= Bryson of Heraclea =

5th-century BC Greek mathematician

Bryson of Heraclea (Βρύσων Ἡρακλεώτης, gen.: Βρύσωνος; fl. late 5th-century BCE) was an ancient Greek mathematician and sophist who studied the solving the problems of squaring the circle and calculating pi.

==Life and work==
Little is known about the life of Bryson; he came from Heraclea Pontica, and he may have been a pupil of Socrates. He is mentioned in the 13th Platonic Epistle, and Theopompus even claimed in his Attack upon Plato that Plato stole many ideas for his dialogues from Bryson of Heraclea. He is known principally from Aristotle, who criticizes his method of squaring the circle. He also upset Aristotle by asserting that obscene language does not exist. Diogenes Laërtius and the Suda refer several times to a Bryson as a teacher of various philosophers, but since some of the philosophers mentioned lived in the late 4th-century BCE, it is possible that Bryson became confused with Bryson of Achaea, who may have lived around that time.

===Pi and squaring the circle===
Bryson, along with his contemporary, Antiphon, was the first to inscribe a polygon inside a circle, find the polygon's area, double the number of sides of the polygon, and repeat the process, resulting in a lower bound approximation of the area of a circle. "Sooner or later (they figured), ...[there would be] so many sides that the polygon ...[would] be a circle." Bryson later followed the same procedure for polygons circumscribing a circle, resulting in an upper bound approximation of the area of a circle. With these calculations, Bryson was able to approximate π and further place lower and upper bounds on π's true value. Aristotle criticized this method, but Archimedes would later use a method similar to that of Bryson and Antiphon to calculate π; however, Archimedes calculated the perimeter of a polygon instead of the area.
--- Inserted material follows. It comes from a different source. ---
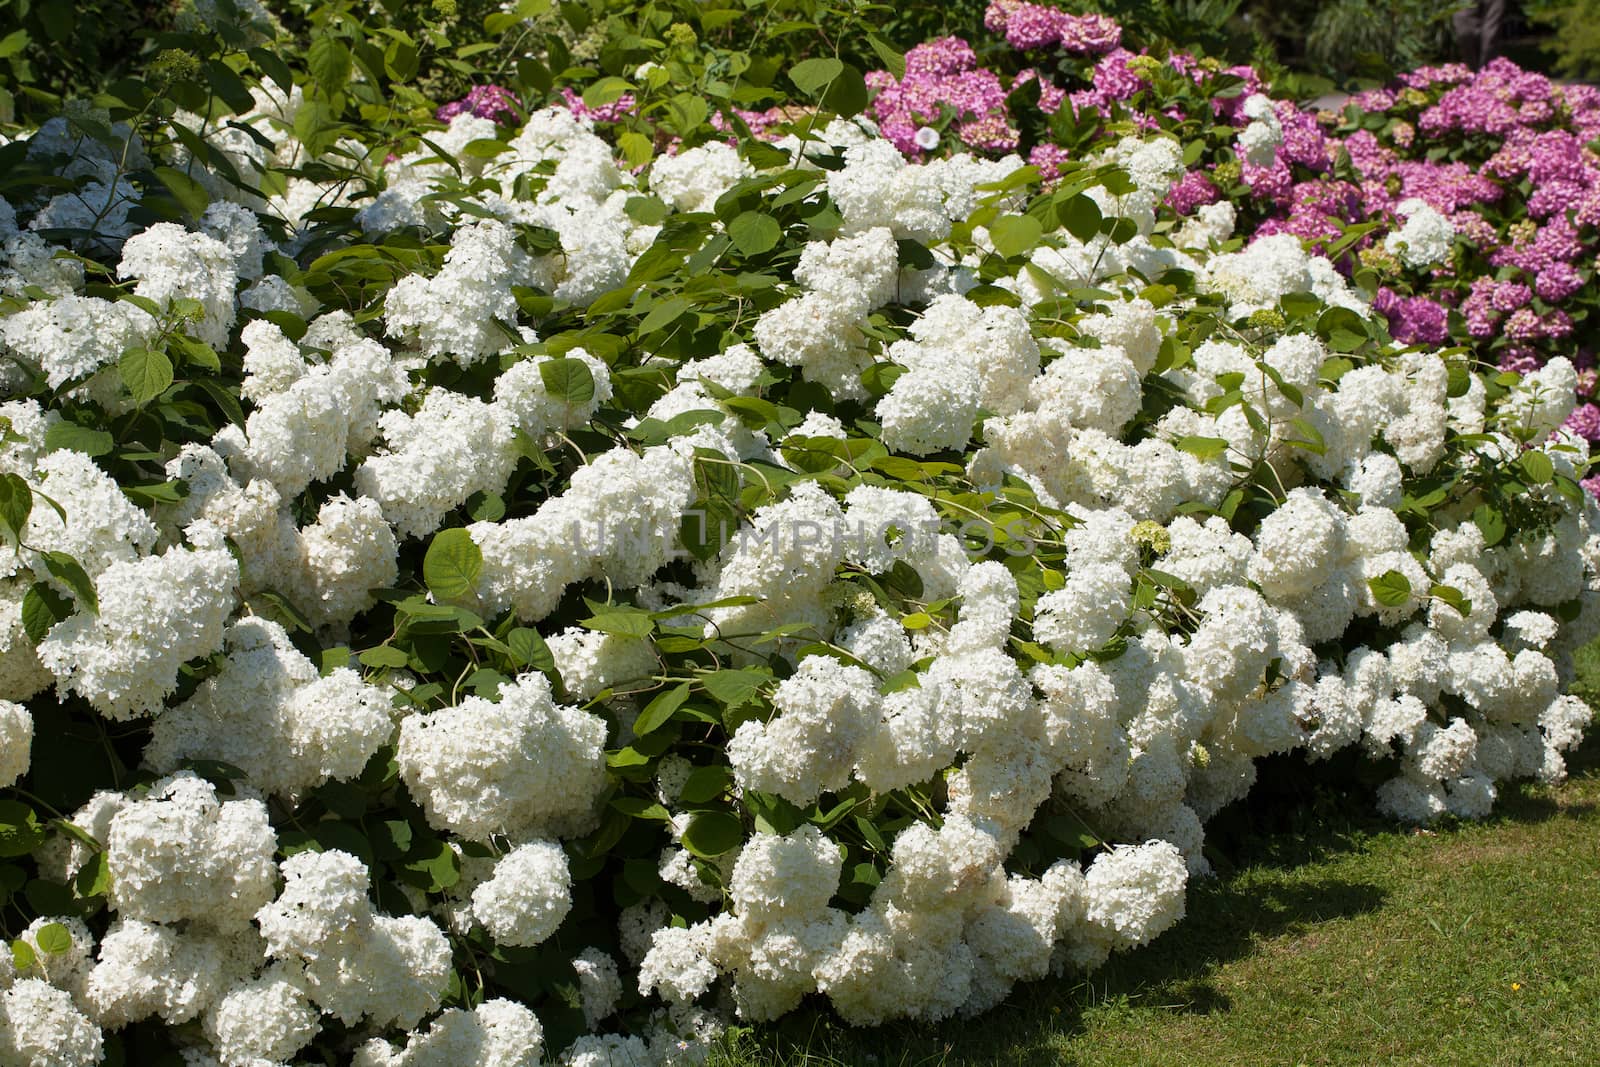 lilac and white bushes of great blossoming hortensias in the garden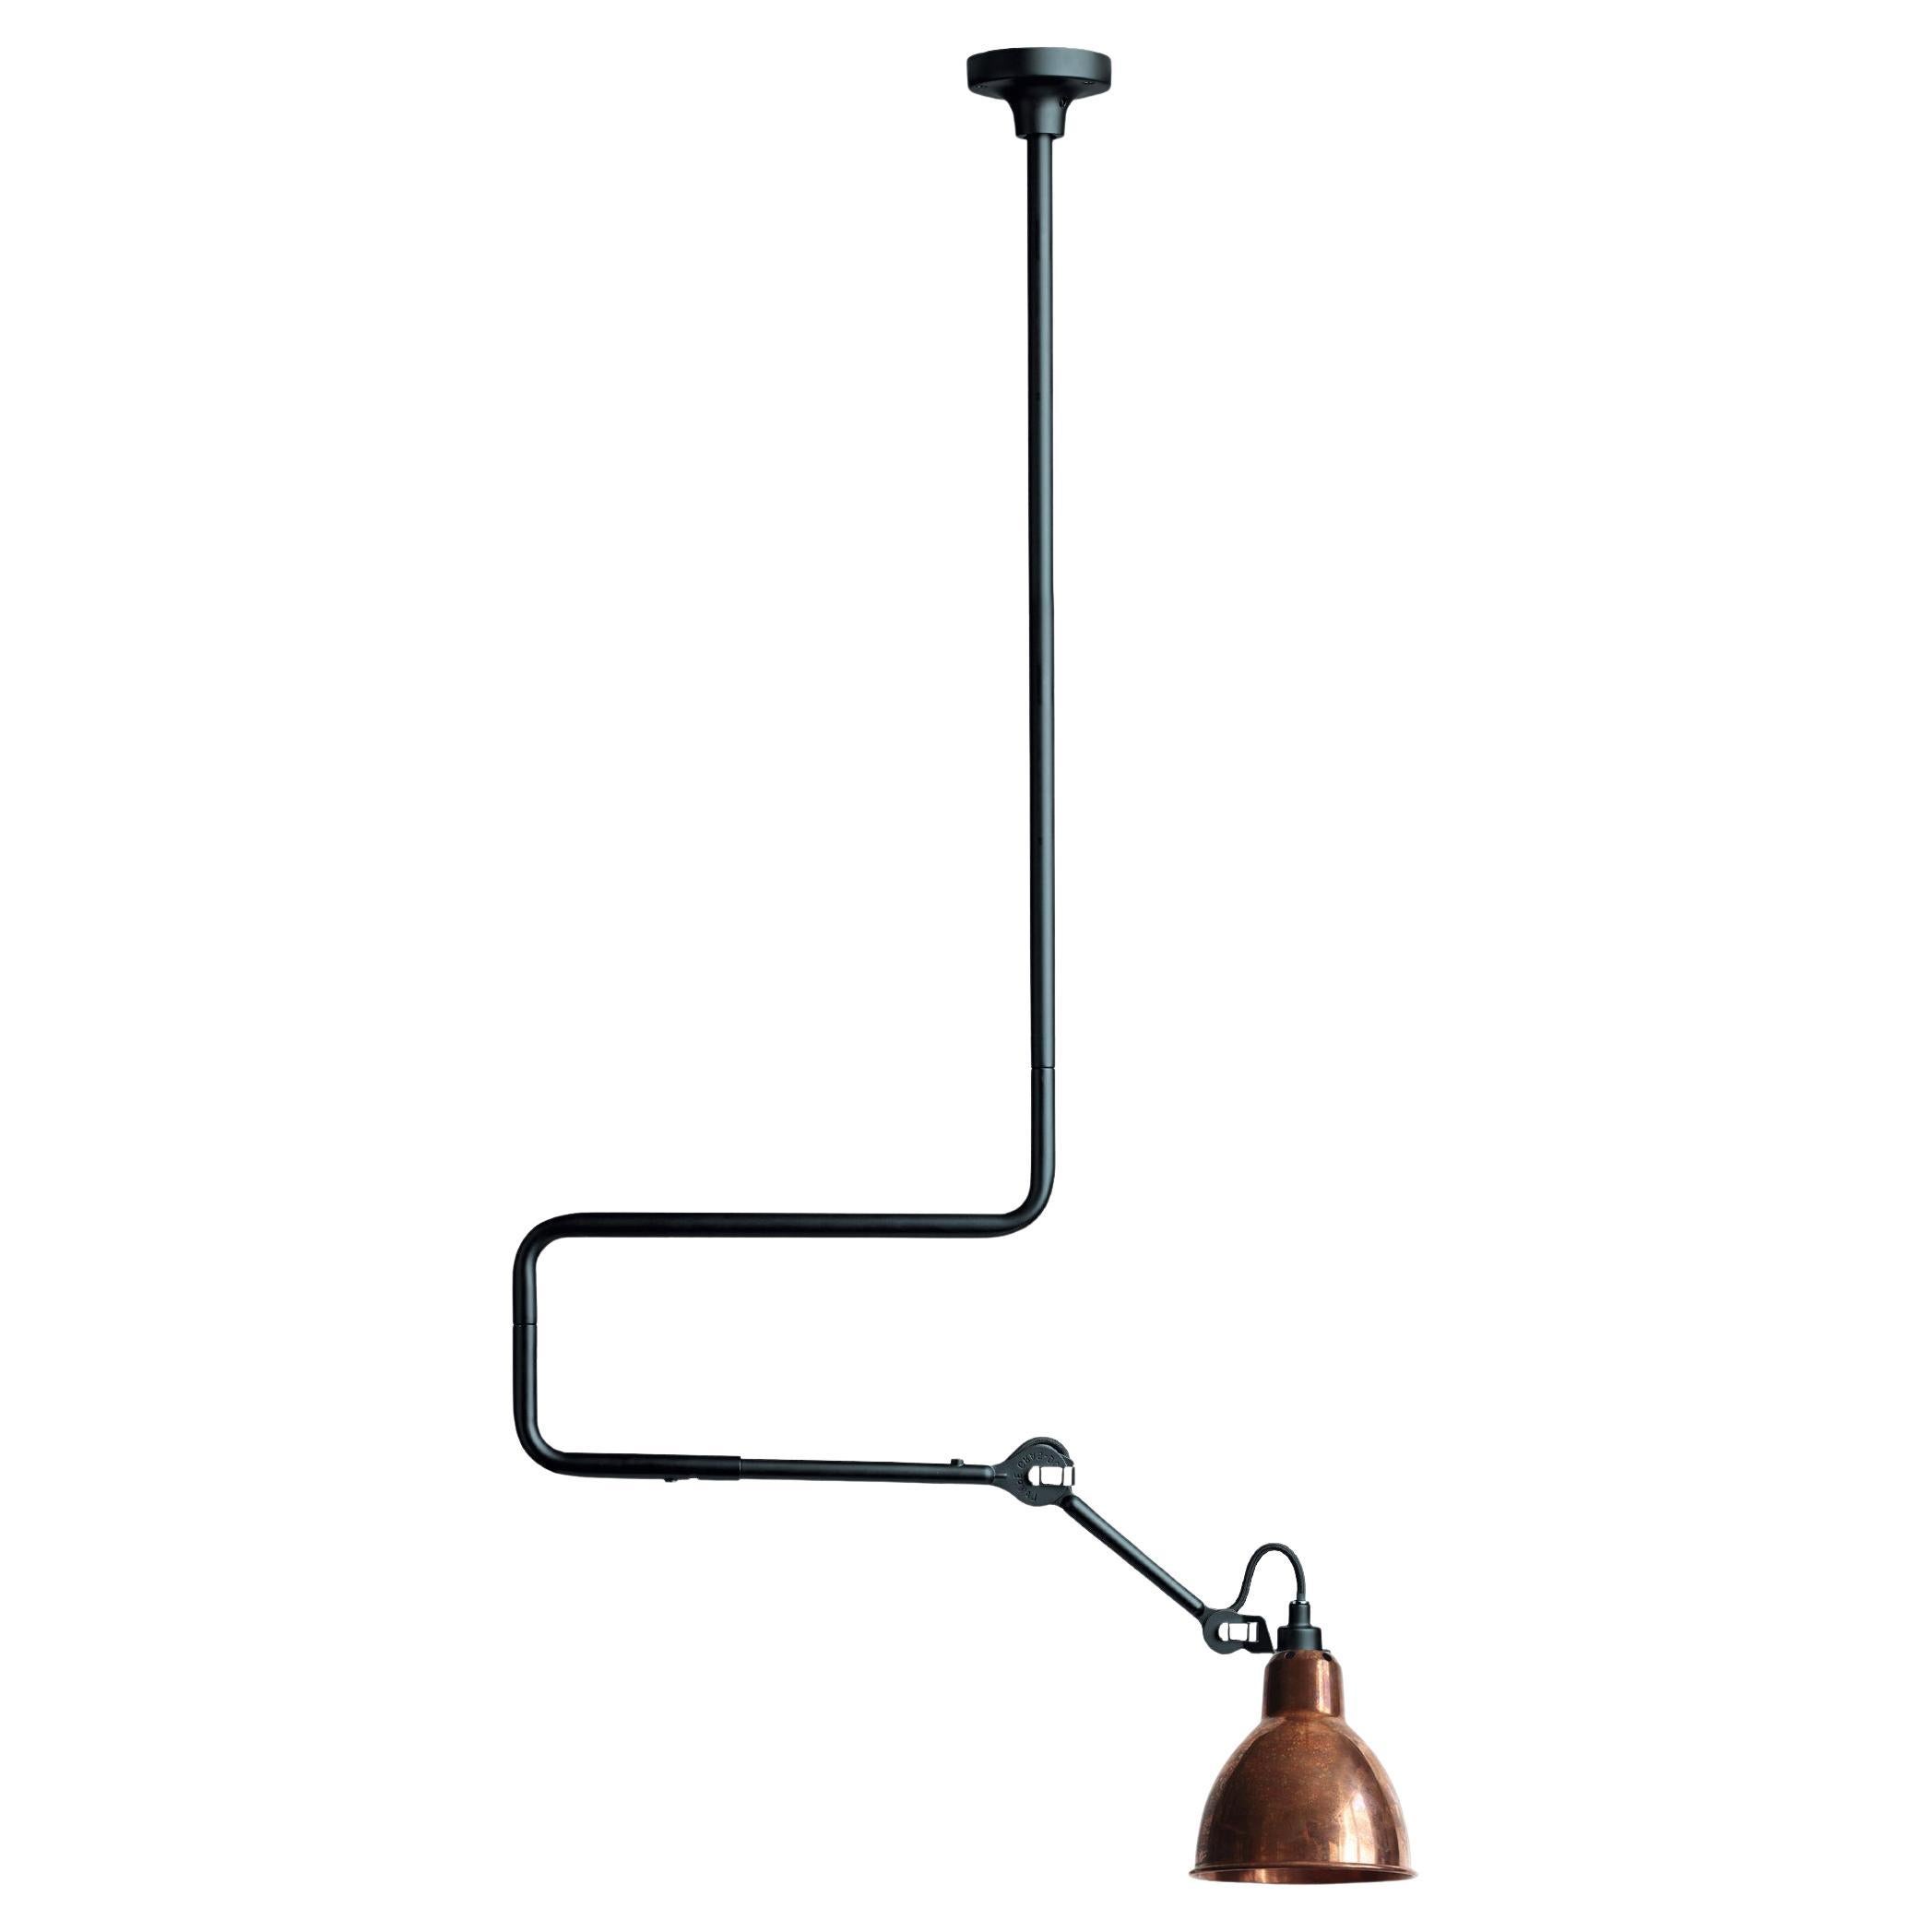 DCW Editions La Lampe Gras N°312 Pendant Lamp w/Extension in Raw Copper Shade For Sale

===Robert Kilwardby on Bryson's syllogism===
The 13th-century English philosopher Robert Kilwardby described Bryson's attempt of proving the quadrature of the circle as a sophistical syllogism—one which "deceives in virtue of the fact that it promises to yield a conclusion producing knowledge on the basis of specific considerations and concludes on the basis of common considerations that can produce only belief." His account of the syllogism is as follows:

Bryson's syllogism on the squaring of the circle was of this sort, it is said: In any genus in which one can find a greater and a lesser than something, one can find what is equal; but in the genus of squares one can find a greater and a lesser than a circle; therefore, one can also find a square equal to a circle. This syllogism is sophistical not because the consequence is false, and not because it produces a syllogism on the basis of apparently readily believable things-for it concludes necessarily and on the basis of what is readily believable. Instead, it is called sophistical and contentious [litigiosus] because it is based on common considerations and is dialectical when it should be based on specific considerations and be demonstrative.